**What the task asks**
Would you transcribe the whole listing exactly, minus its pictures?

**Provided data**
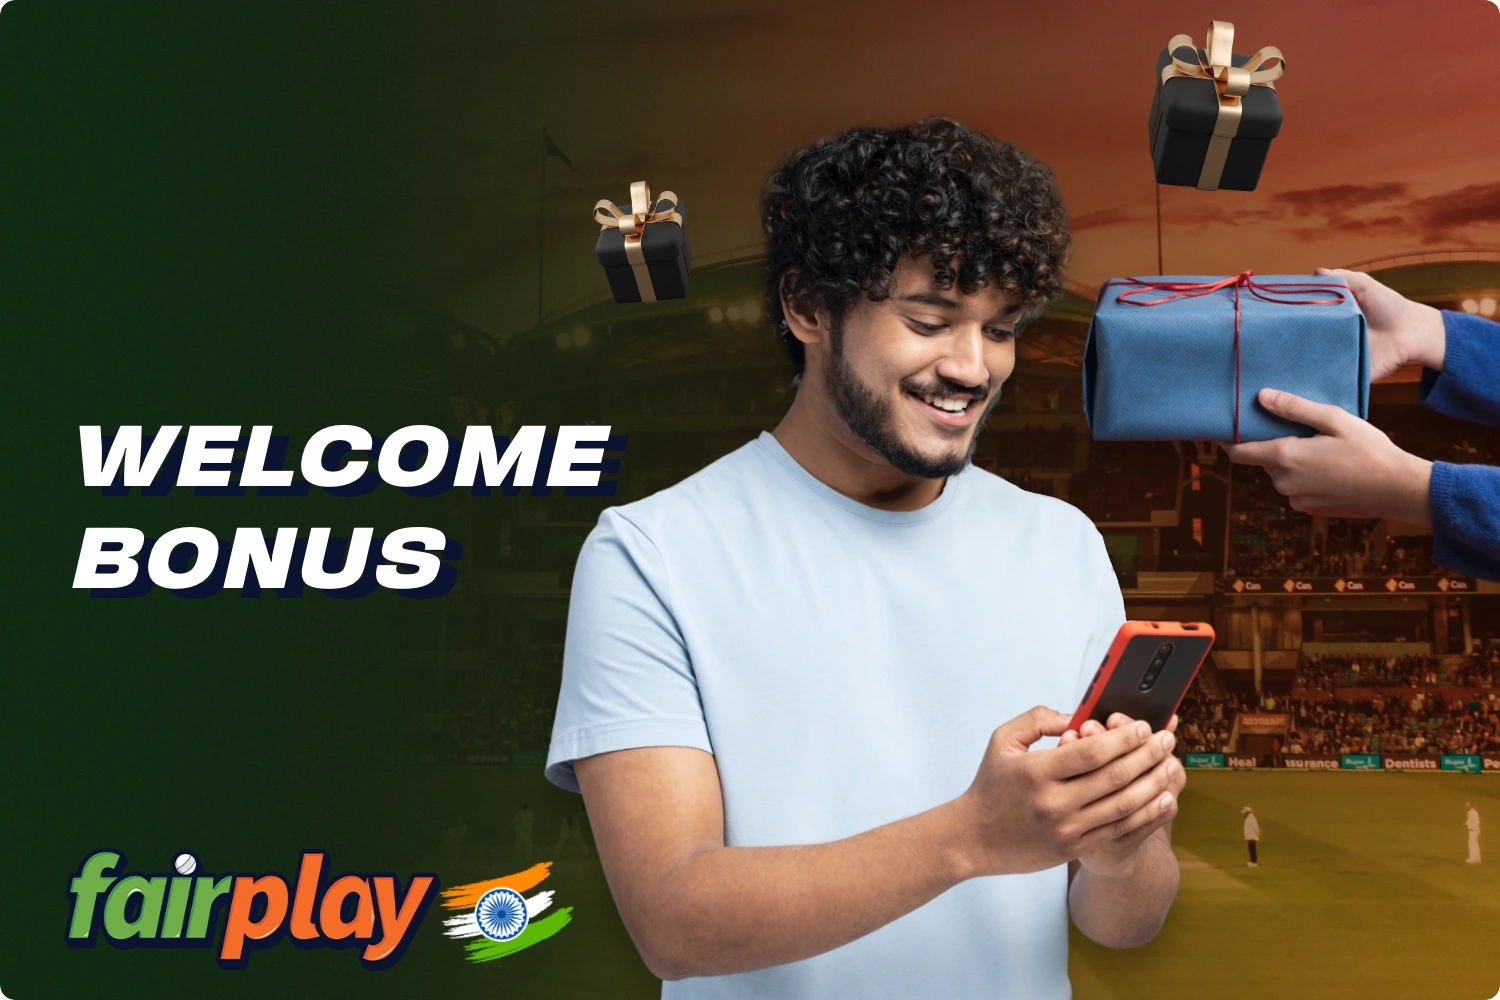 Fairplay welcome bonus is available for new players from India
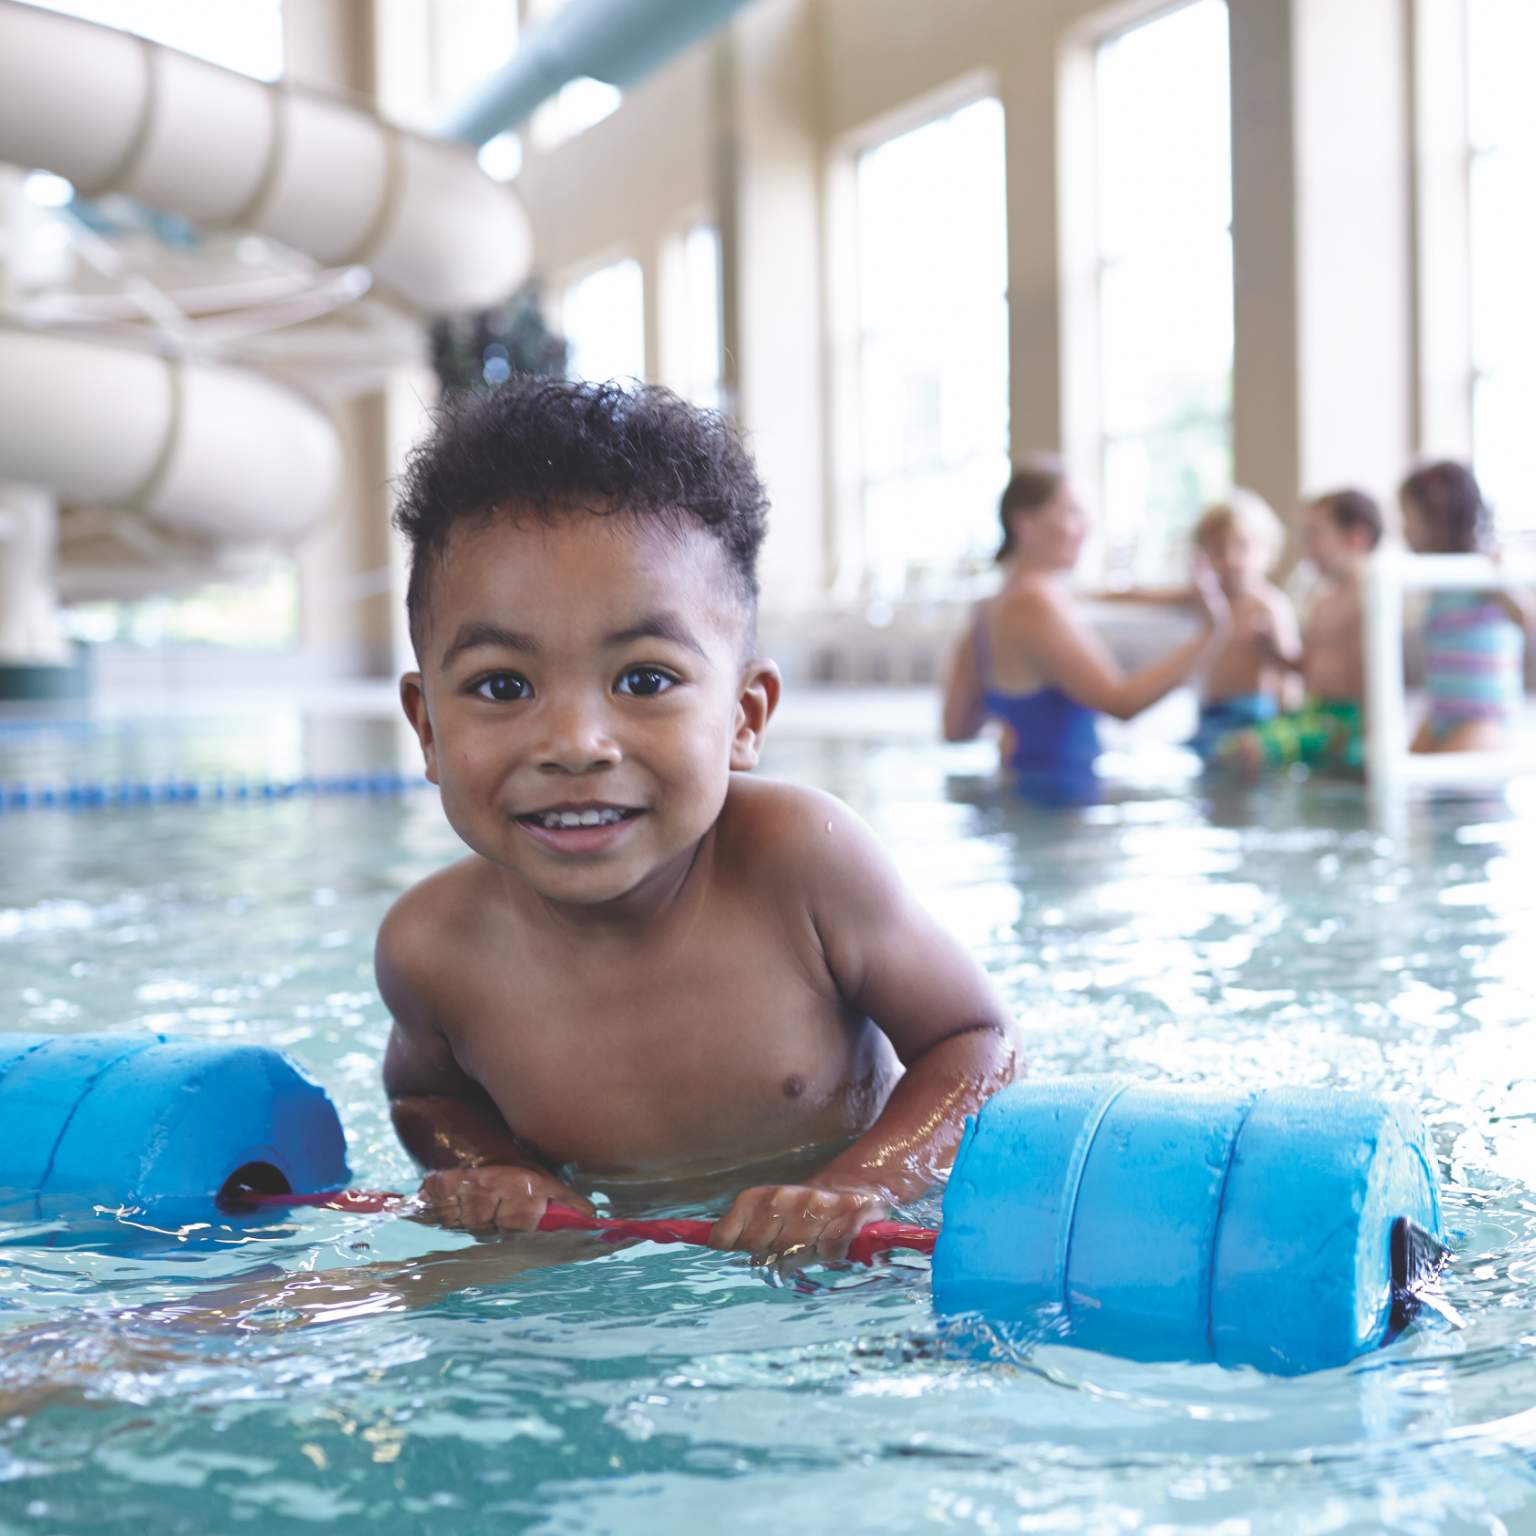 A toddler uses floating aid to learn how to swim at Life Time.
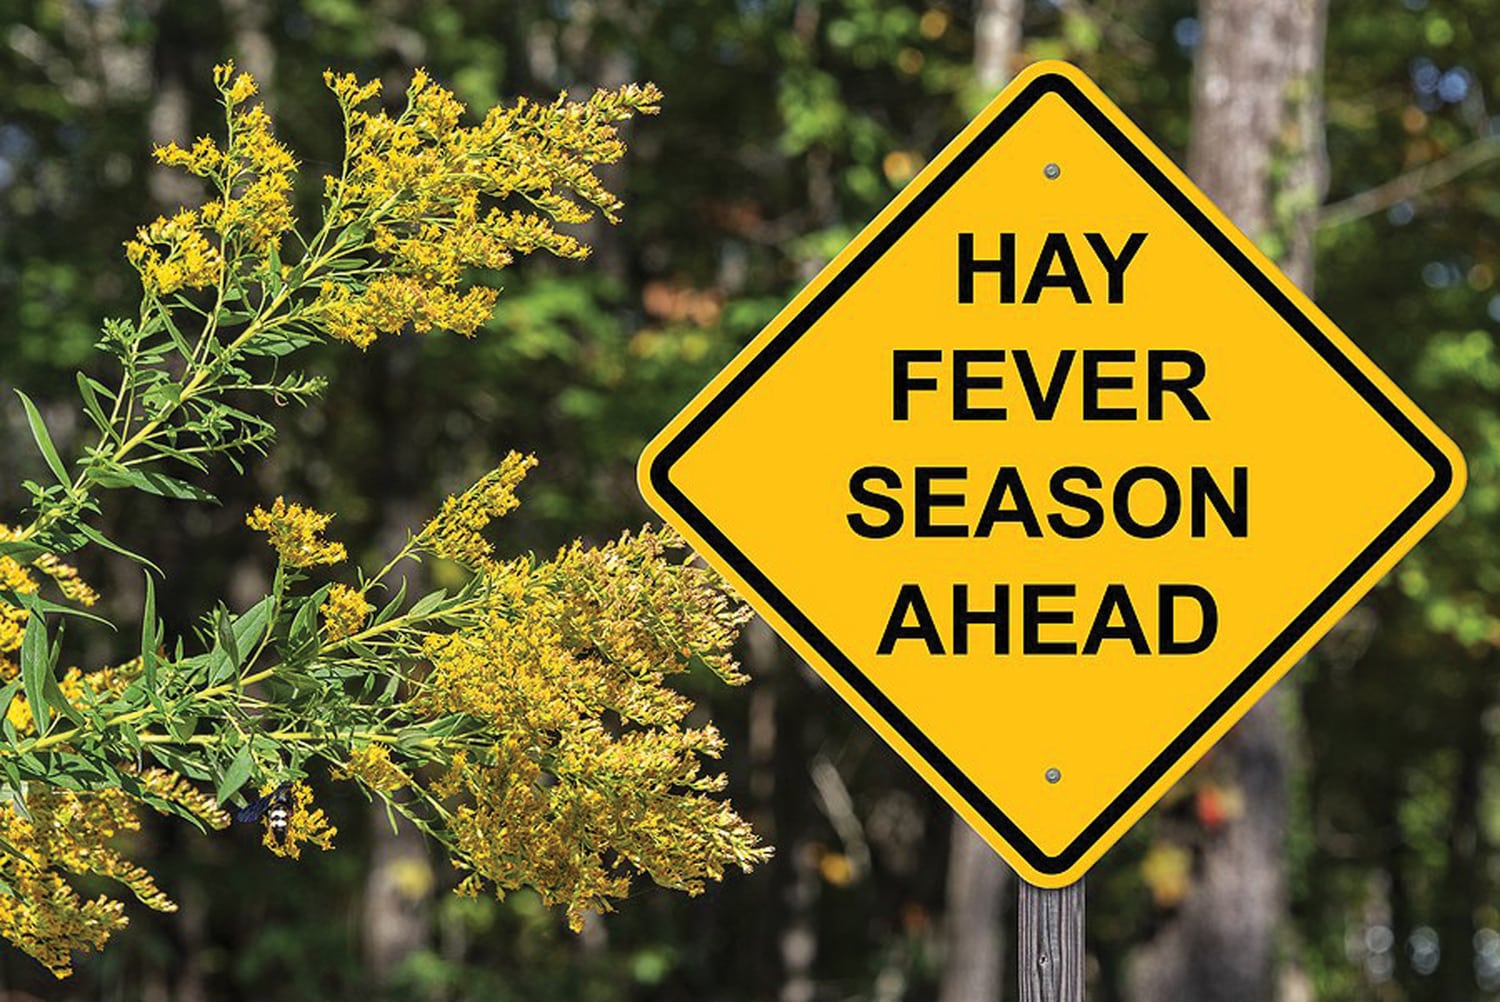 Atchoo! Top tips for hay fever sufferers this Spring and Summer Our Place

**Output for this task**
 Fairplay welcome bonus is available for new players from India
 A toddler uses floating aid to learn how to swim at Life Time.
 Atchoo! Top tips for hay fever sufferers this Spring and Summer Our Place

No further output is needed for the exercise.